WHAT YOU WILL DO =
In the data below, locate the line containing "Schwarz-weiß Bild einer" and the line containing "La Mancomunidad Guadiana", then retype both and everything between them exactly. Pictures are not part of the copy.

WORKING DATA =
-------

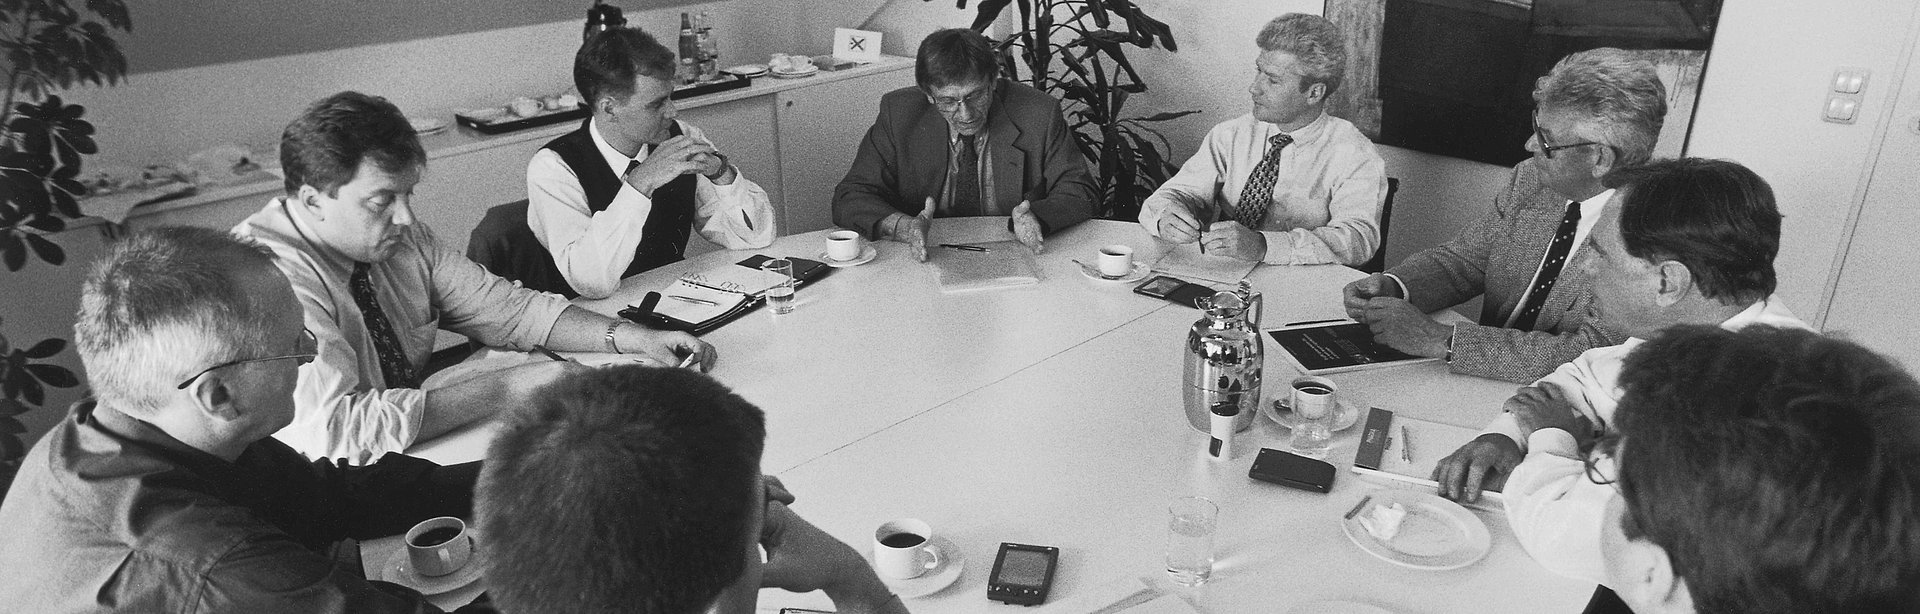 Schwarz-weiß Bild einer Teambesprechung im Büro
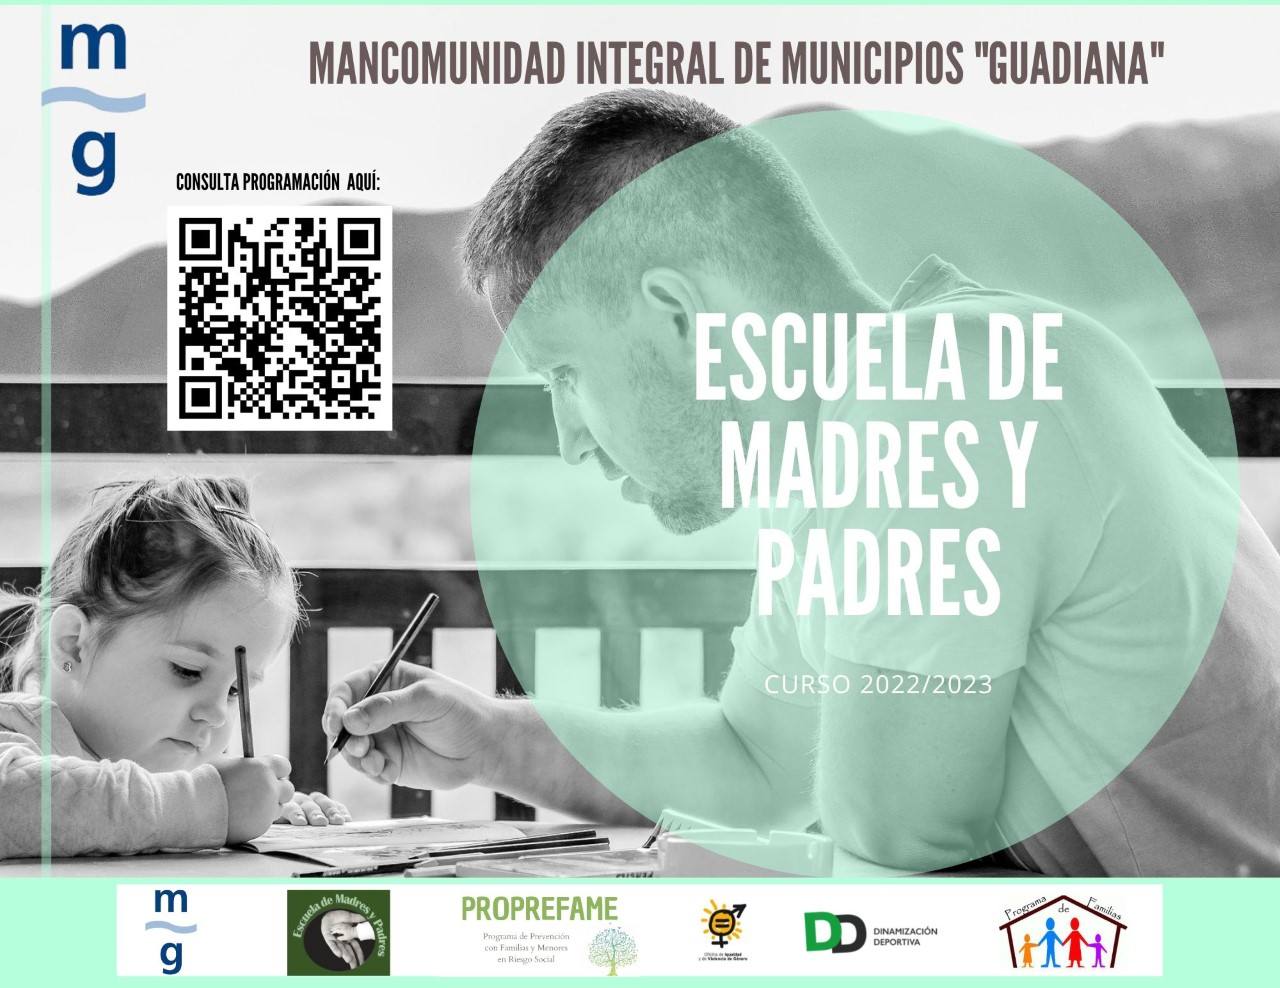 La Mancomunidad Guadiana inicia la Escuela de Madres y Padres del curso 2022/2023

-------

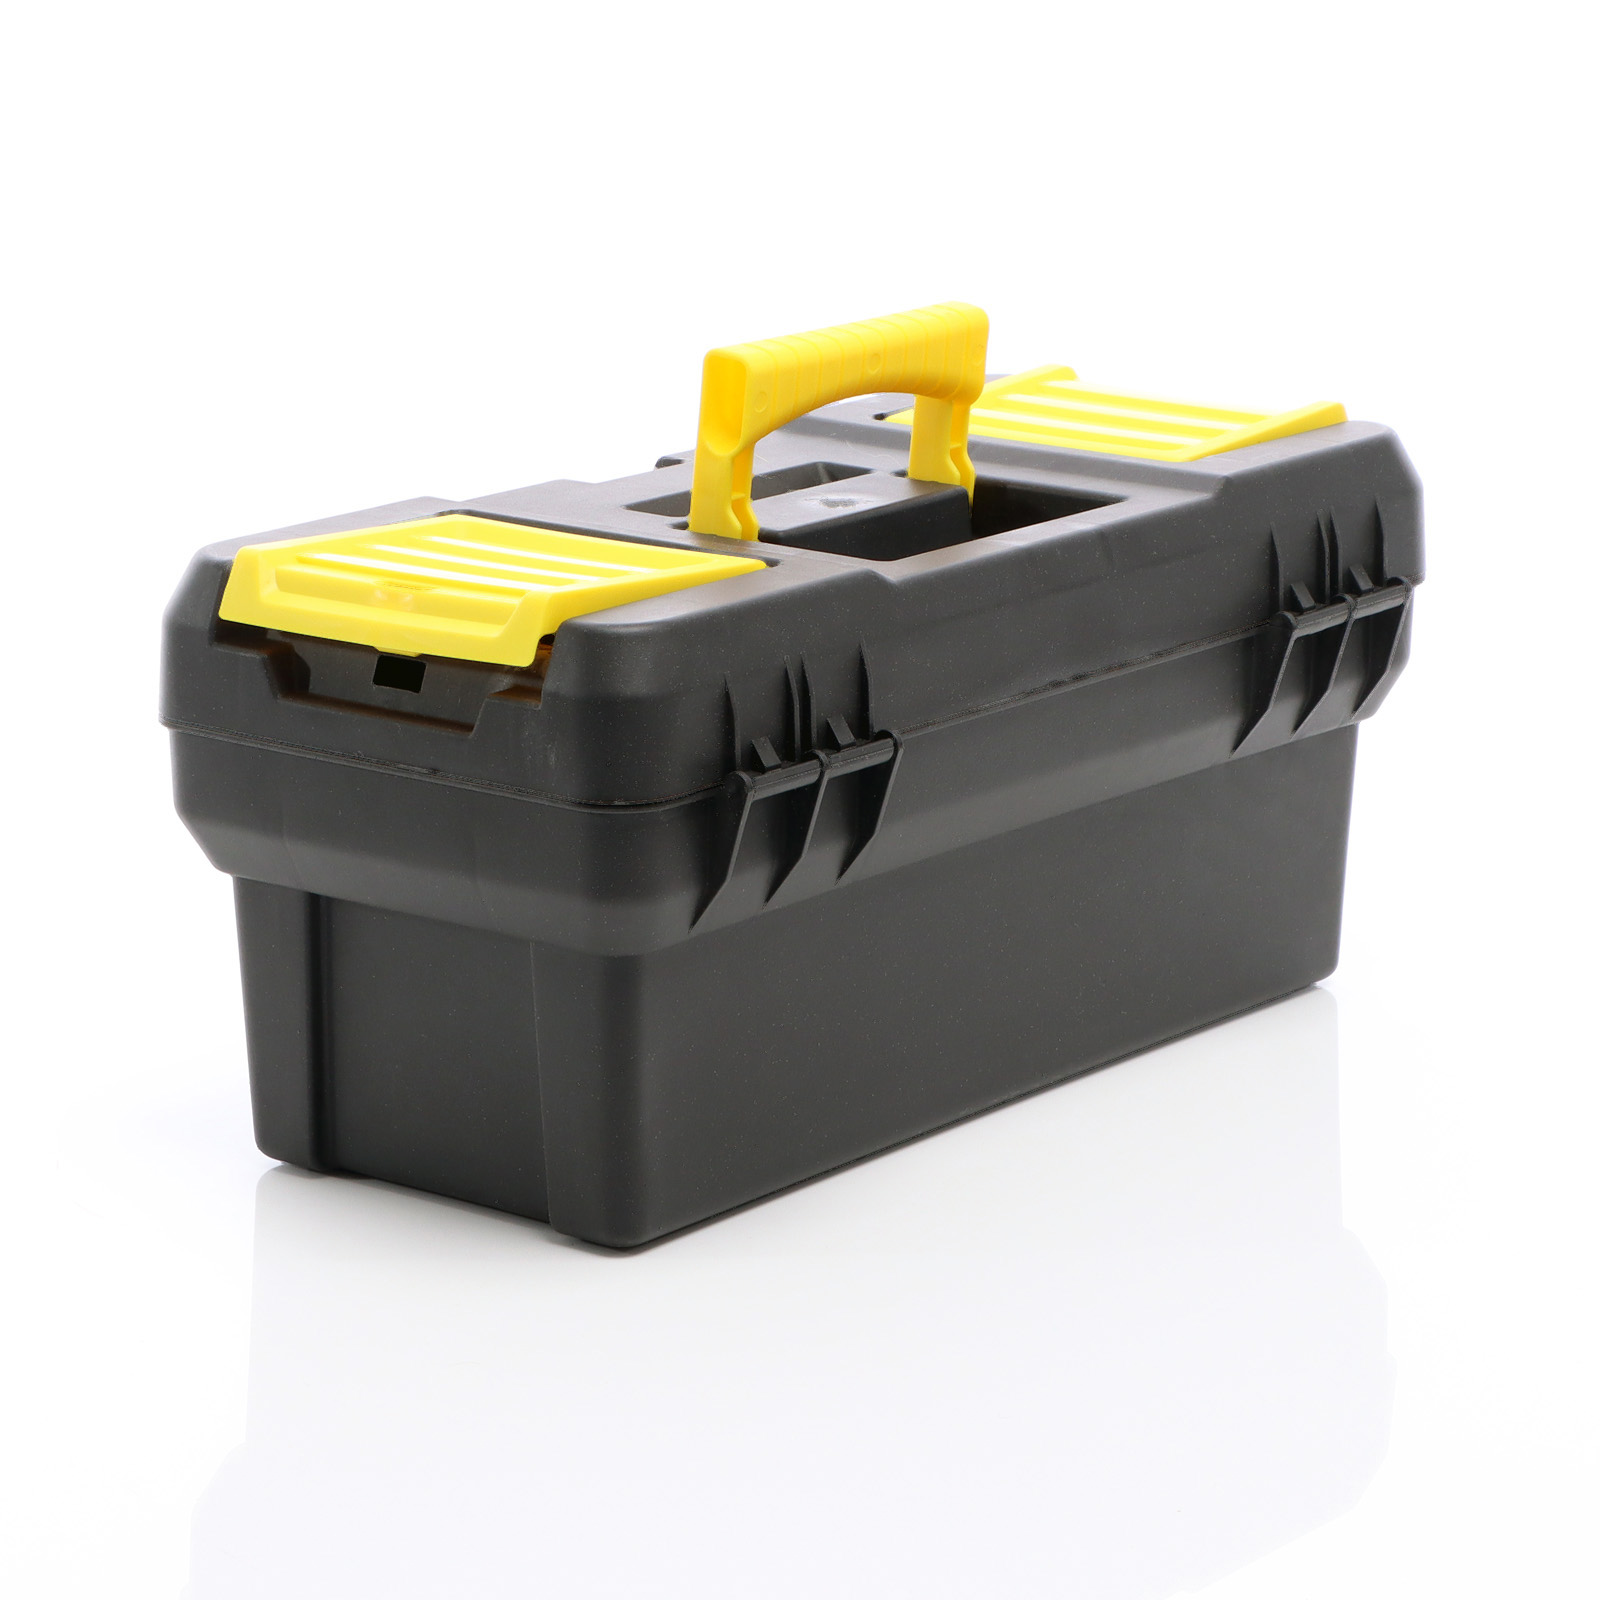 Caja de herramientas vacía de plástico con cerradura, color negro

-------

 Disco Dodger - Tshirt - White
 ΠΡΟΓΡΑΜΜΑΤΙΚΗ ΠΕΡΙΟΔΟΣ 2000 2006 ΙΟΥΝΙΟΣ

-------

TASK RESULT =
 Schwarz-weiß Bild einer Teambesprechung im Büro
 La Mancomunidad Guadiana inicia la Escuela de Madres y Padres del curso 2022/2023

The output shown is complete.